• _Given data_
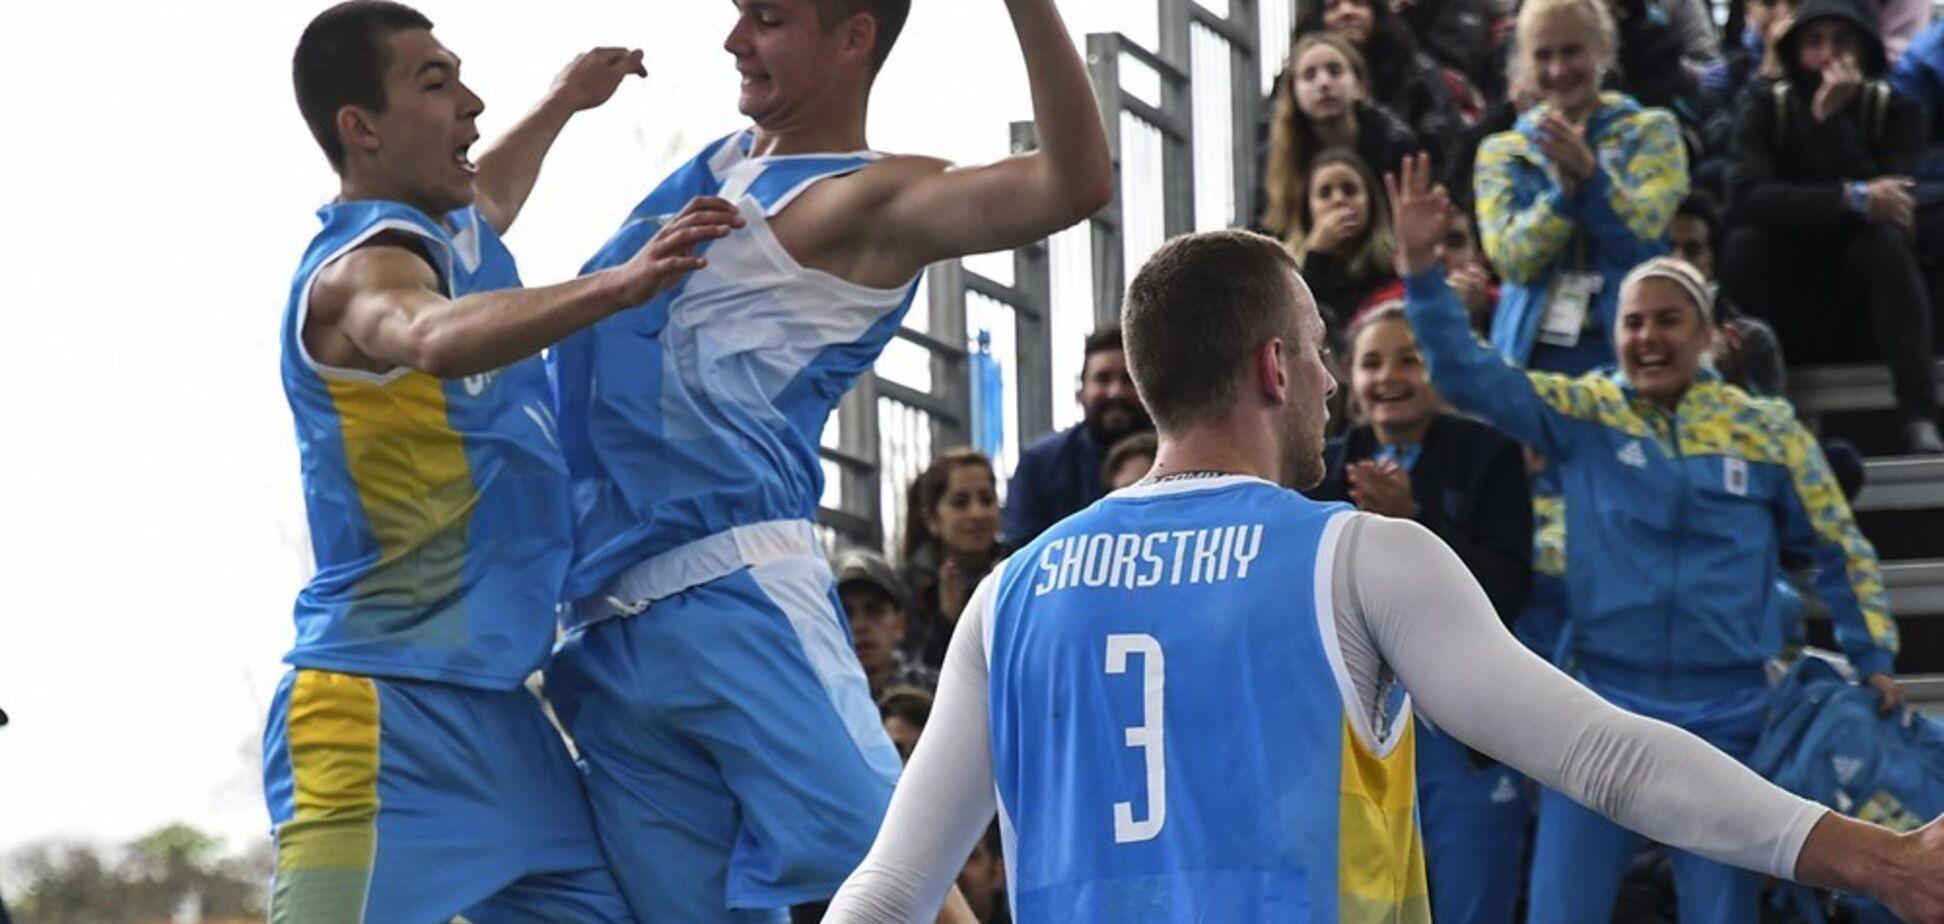 Українці з першого місця вийшли до чвертьфіналу ЮОІ-2018 в баскетболі 3х3
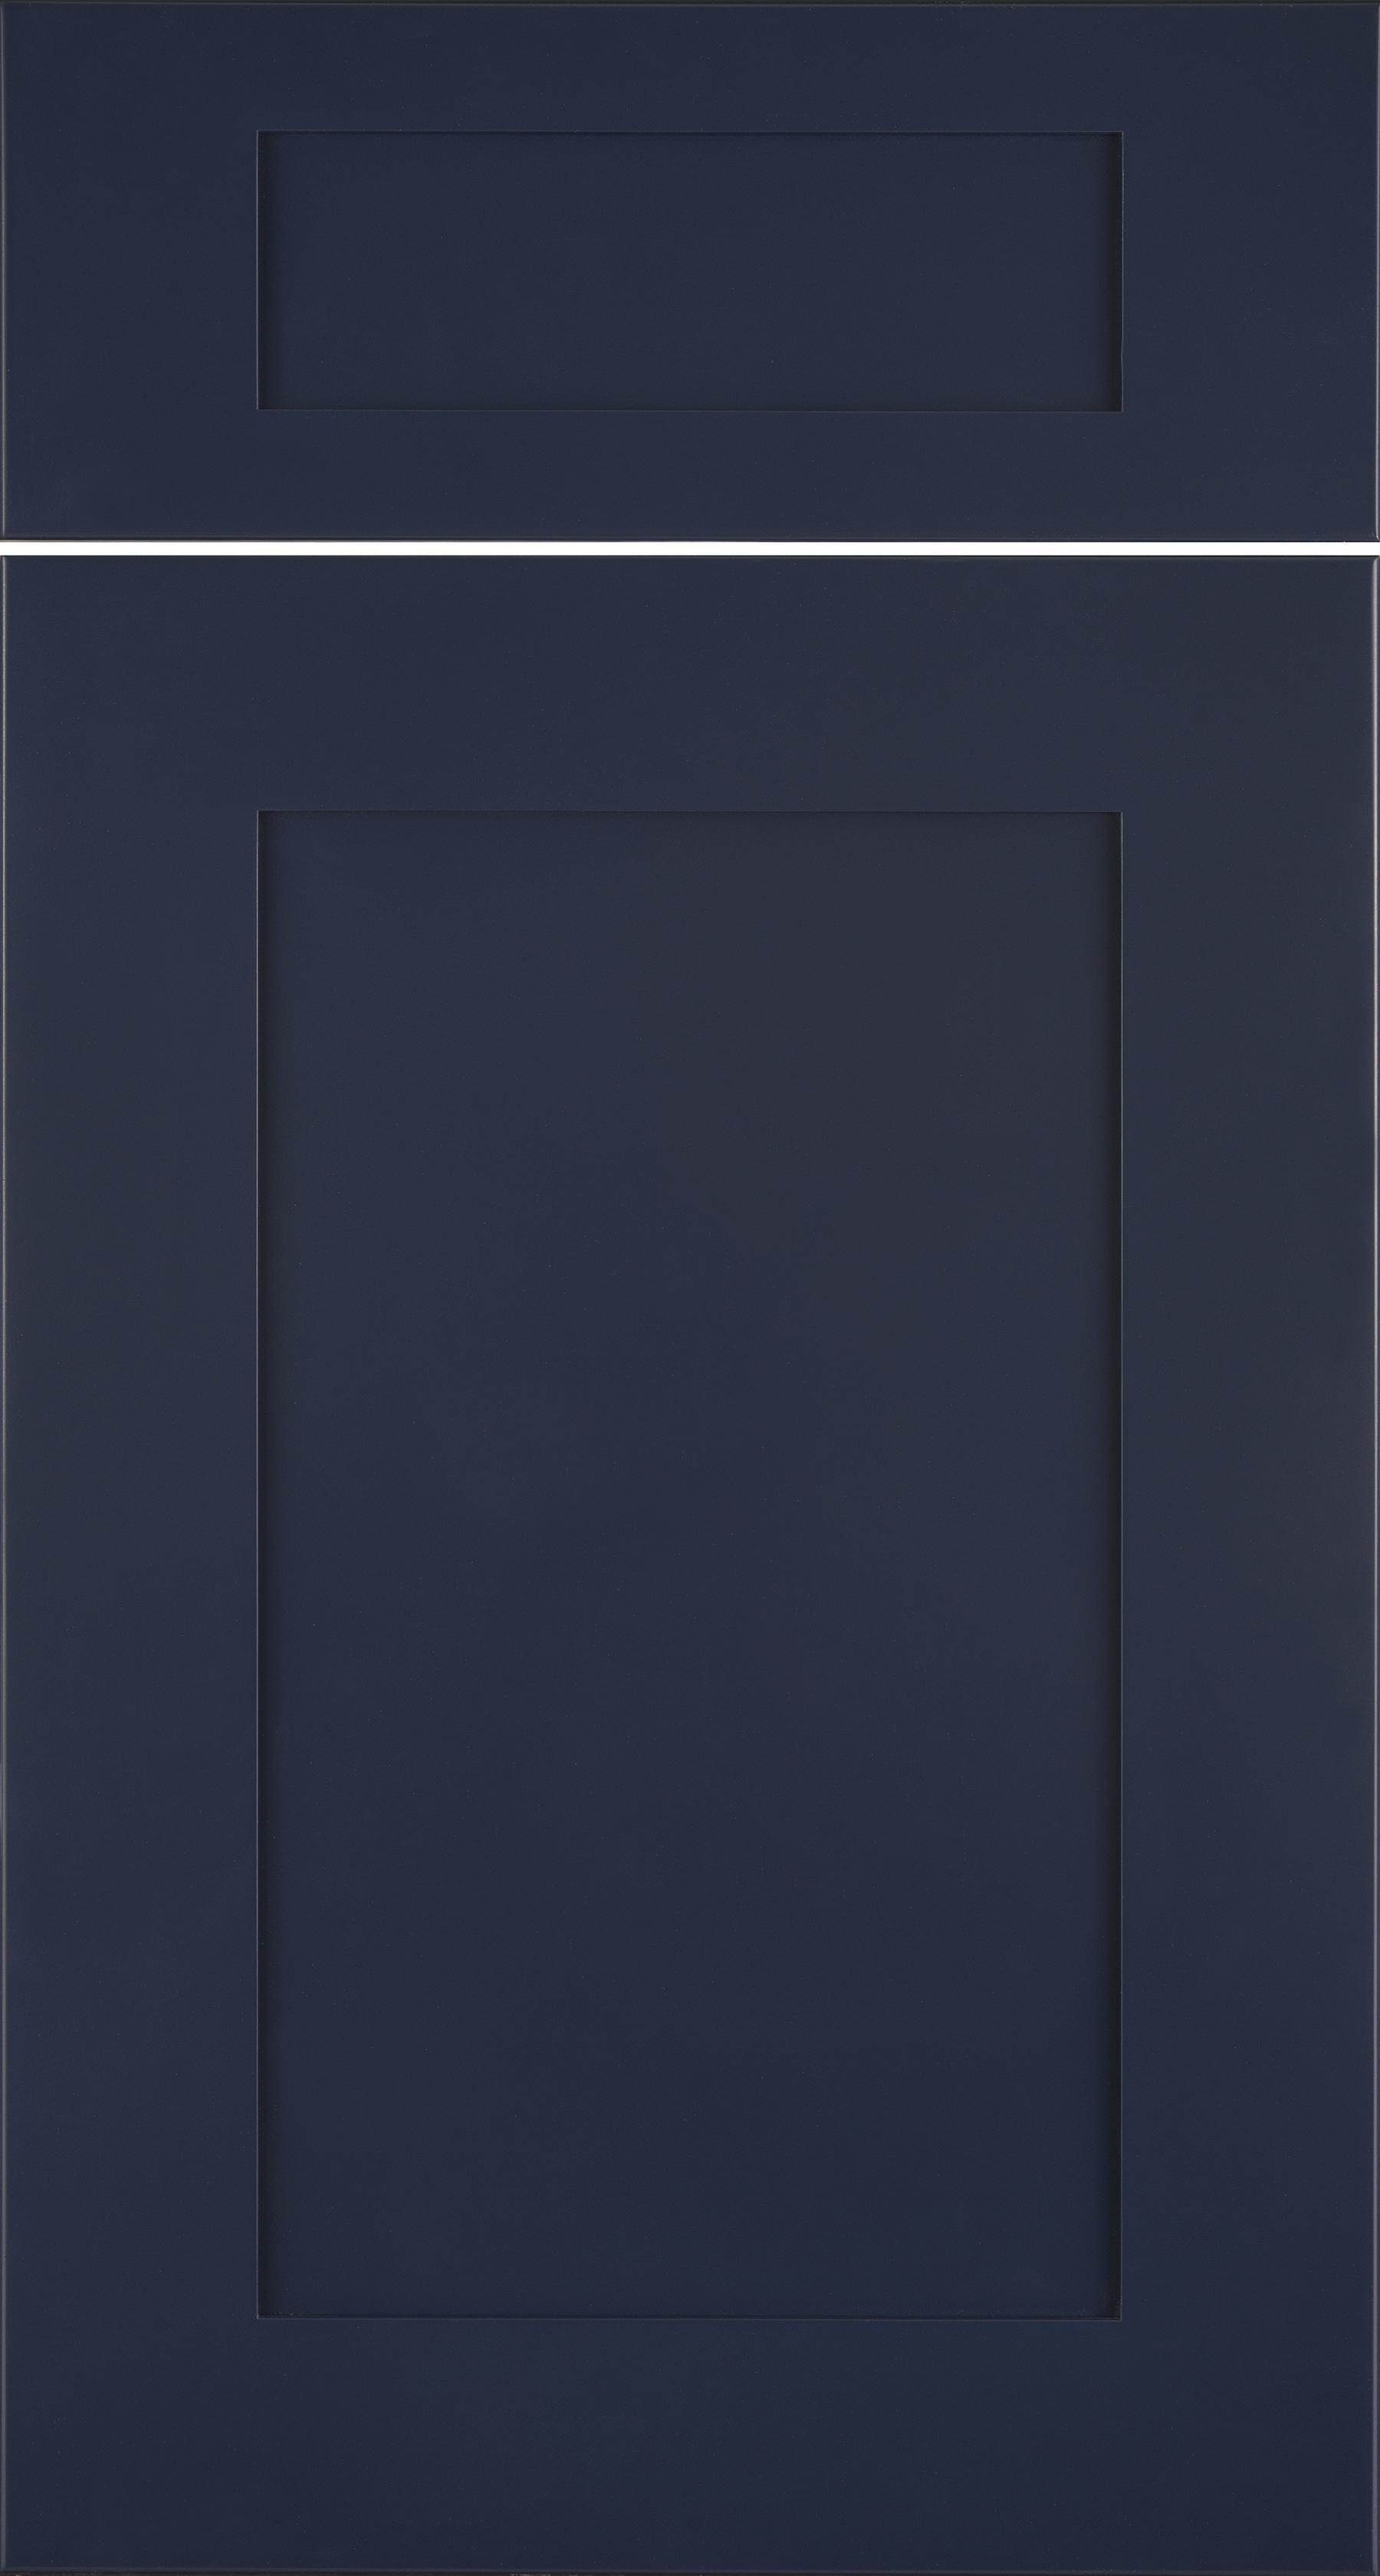 Siteline Cabinetry
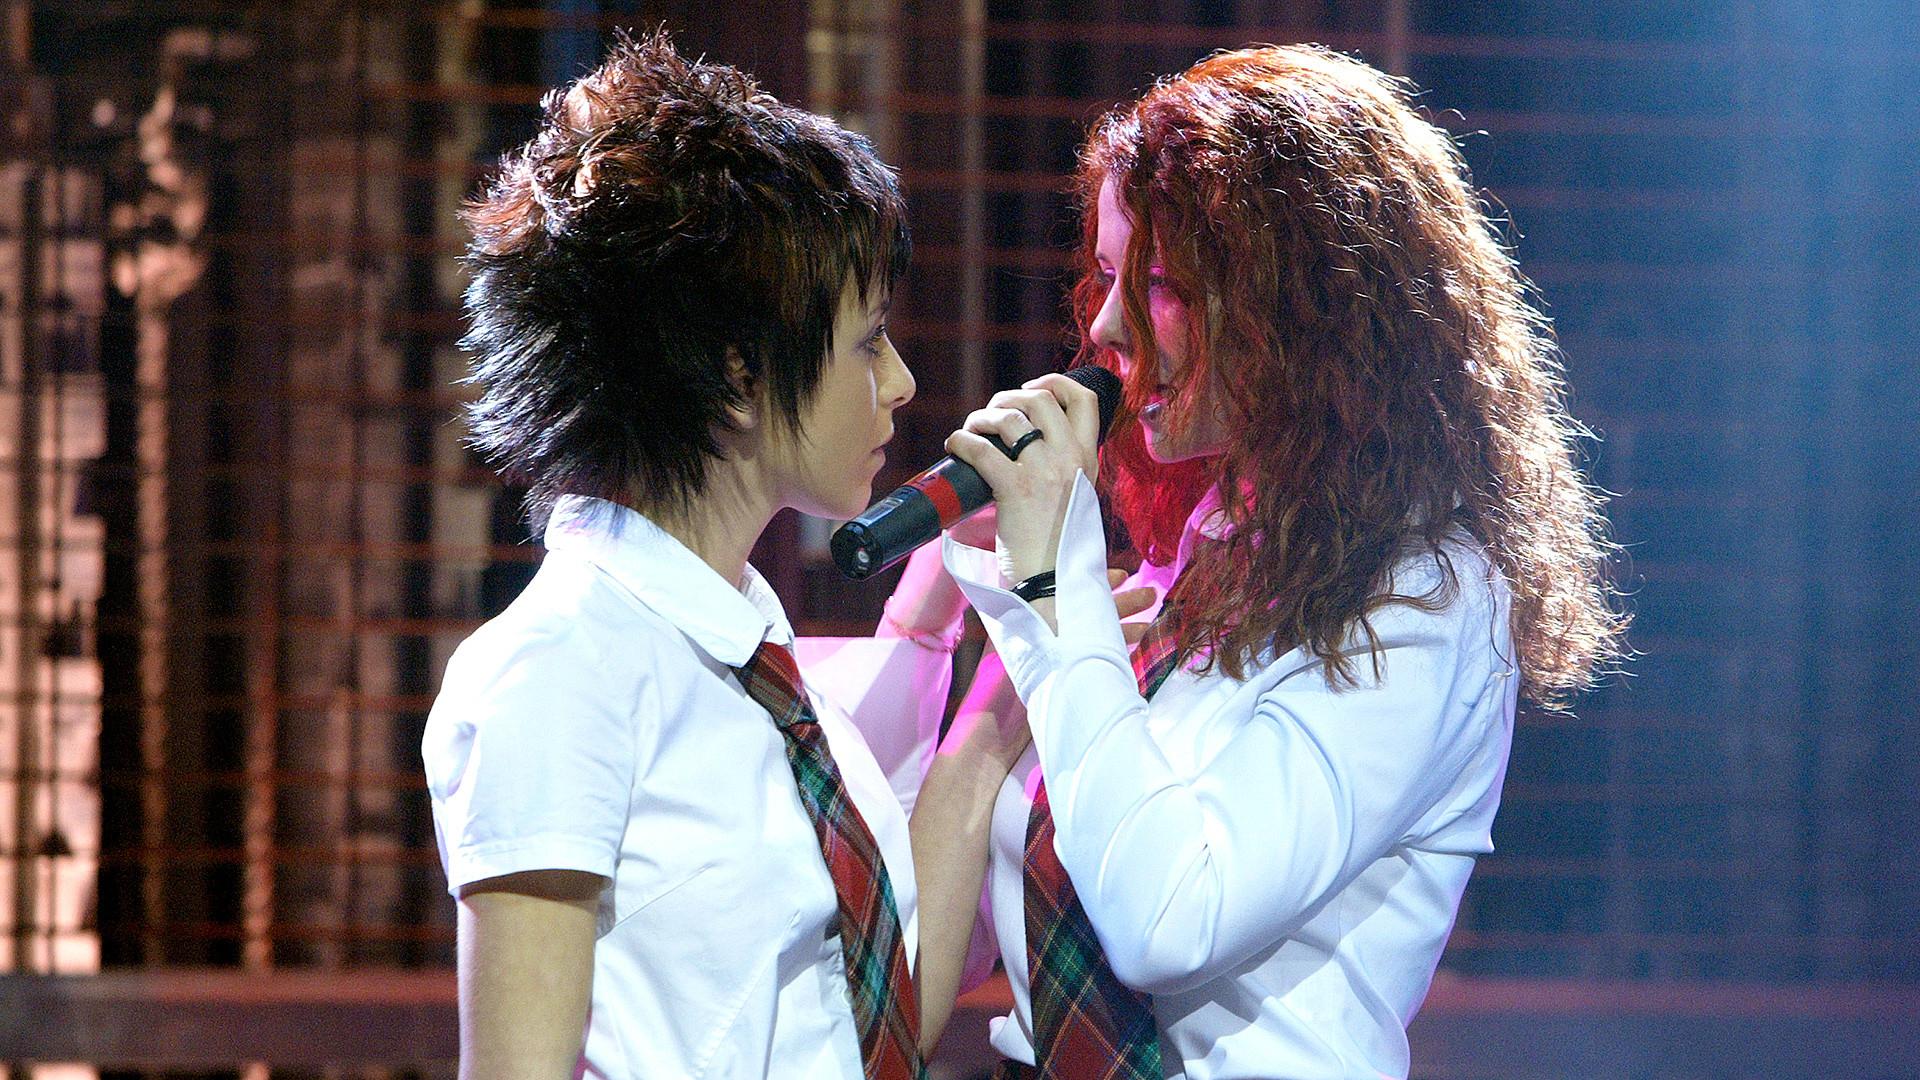 Julia Volkova and Lena Katina of t.A.T.u.

• _Task to carry out_
The data must be reproduced exactly, and no picture may appear in the copy.

• _Solution for this task_
 Українці з першого місця вийшли до чвертьфіналу ЮОІ-2018 в баскетболі 3х3
 Siteline Cabinetry
 Julia Volkova and Lena Katina of t.A.T.u.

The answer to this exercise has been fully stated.